Furthermore, there is a general lack of pharmacoeconomic data available for biosimilars, especially data showing cost reductions and OCM implications with biosimilars. That is a poorly published area for the time being.
Once we see a bit more data for the overall reduction of the total cost of care with biosimilars and OCM implications, then we will probably see more of an uptake as well, not only from the outcome standpoint, but from the financial standpoint to reduced overall burden of health care costs.
Which oncology biosimilar products do you believe will be next to reach the US market?
Dr McBride: There are many therapies in the pipeline that could reach the US market in the near future. However, everyone seems to be looking to when the immunotherapies (ie, nivolumab and pembrolizumab) will break into the biosimilar market.
Of course, the immunotherapy sector is likely the area which will see immunotherapy phase I studies continue to arise. There has been an announcement for some nivolumab phase I biosimilar studies. This announcement is a good indication of where the market is going in terms of biosimilar‑based developments.
Do you believe that biosimilars will find their place in the standard-of-care for certain oncology populations in the near future? Do you believe that biosimilars are compatible with clinical pathways?
Dr McBride: I think they will. We have already seen biosimilars integrated into NCCN guidelines, which should lead to integration into payer‑based pathways and institutional pathways.

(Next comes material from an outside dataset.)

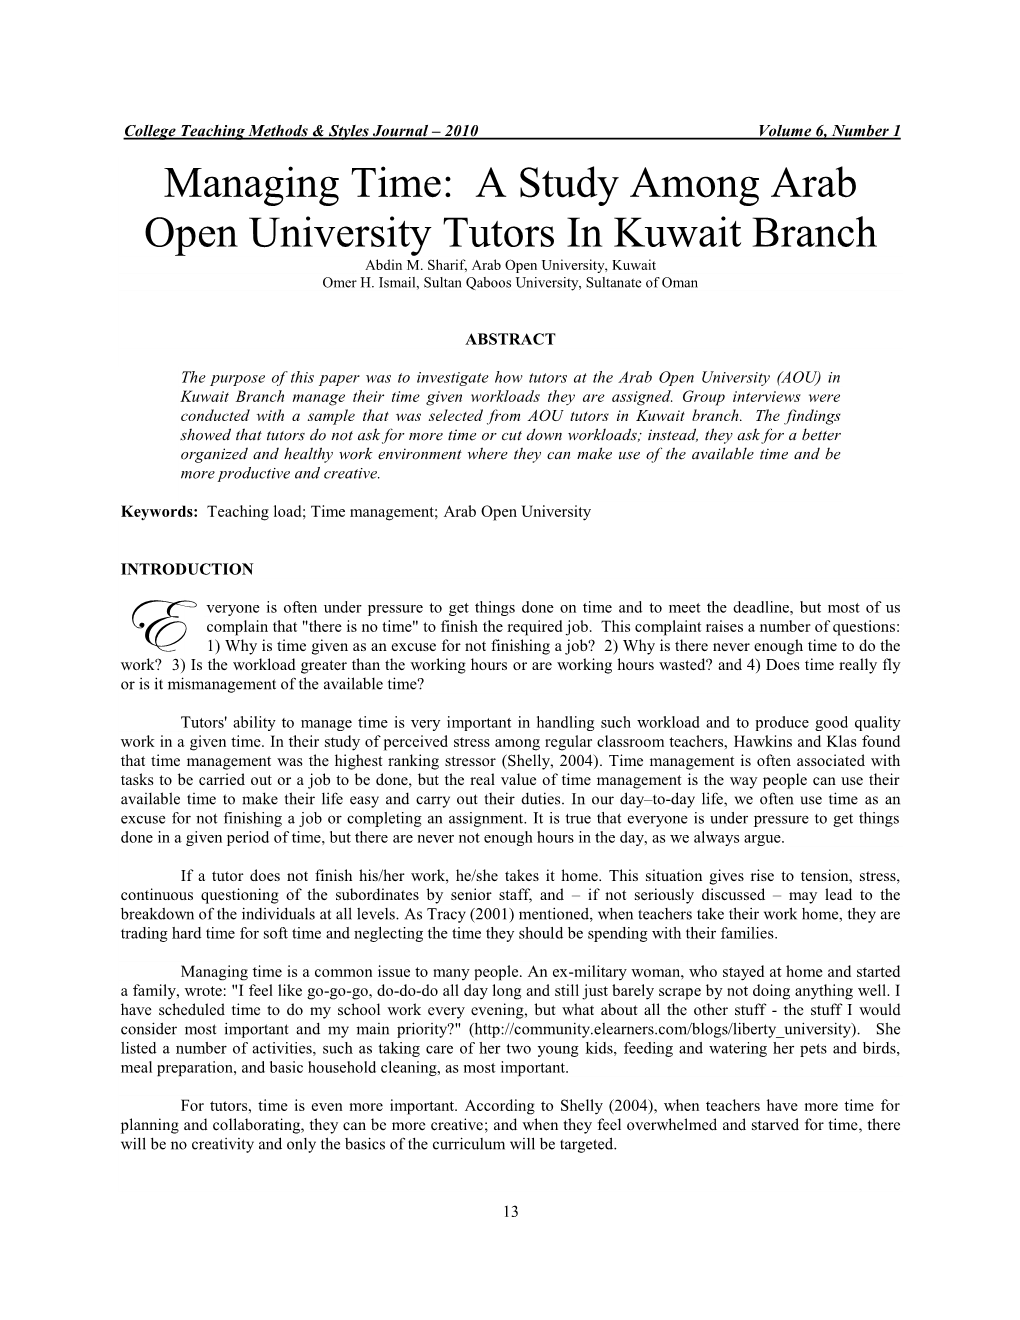 A Study Among Arab Open University Tutors in Kuwait Branch Abdin M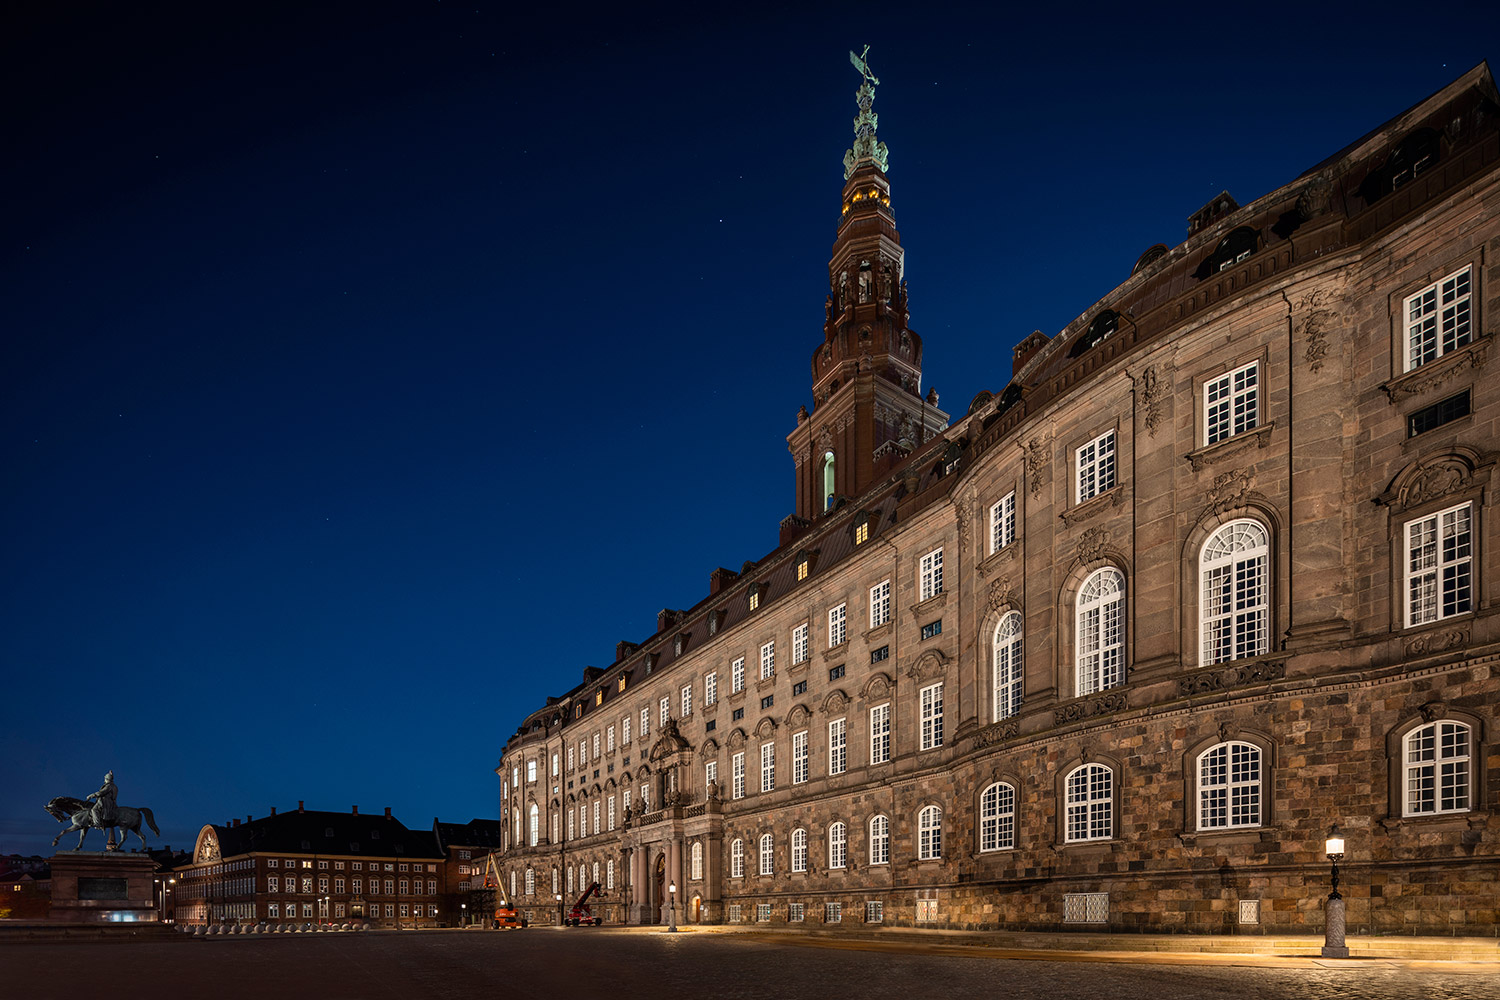 Maître d’ouvrage : Mairie de Copenhague – Systèmes : Citelum – Matériel d’éclairage : iGuzzini. ©Tomas Majewski

I believe that we will see a large uptake of biosimilars in standard-of-care protocols and pathways in the next year or so. We have already seen this uptake in supportive care therapies as well as short‑acting and long‑acting growth factors for colony‑stimulating factor.
It may take a year or two, but we will likely see a switch between one biosimilar and the next being interchanged based on cost, preference with particular payers, or preference with health systems in order to achieve cost savings. It will be interesting to see the wave of research to come regarding biosimilar use within pathways at OCM practices. Will these practices achieve cost savings as a result of this switch?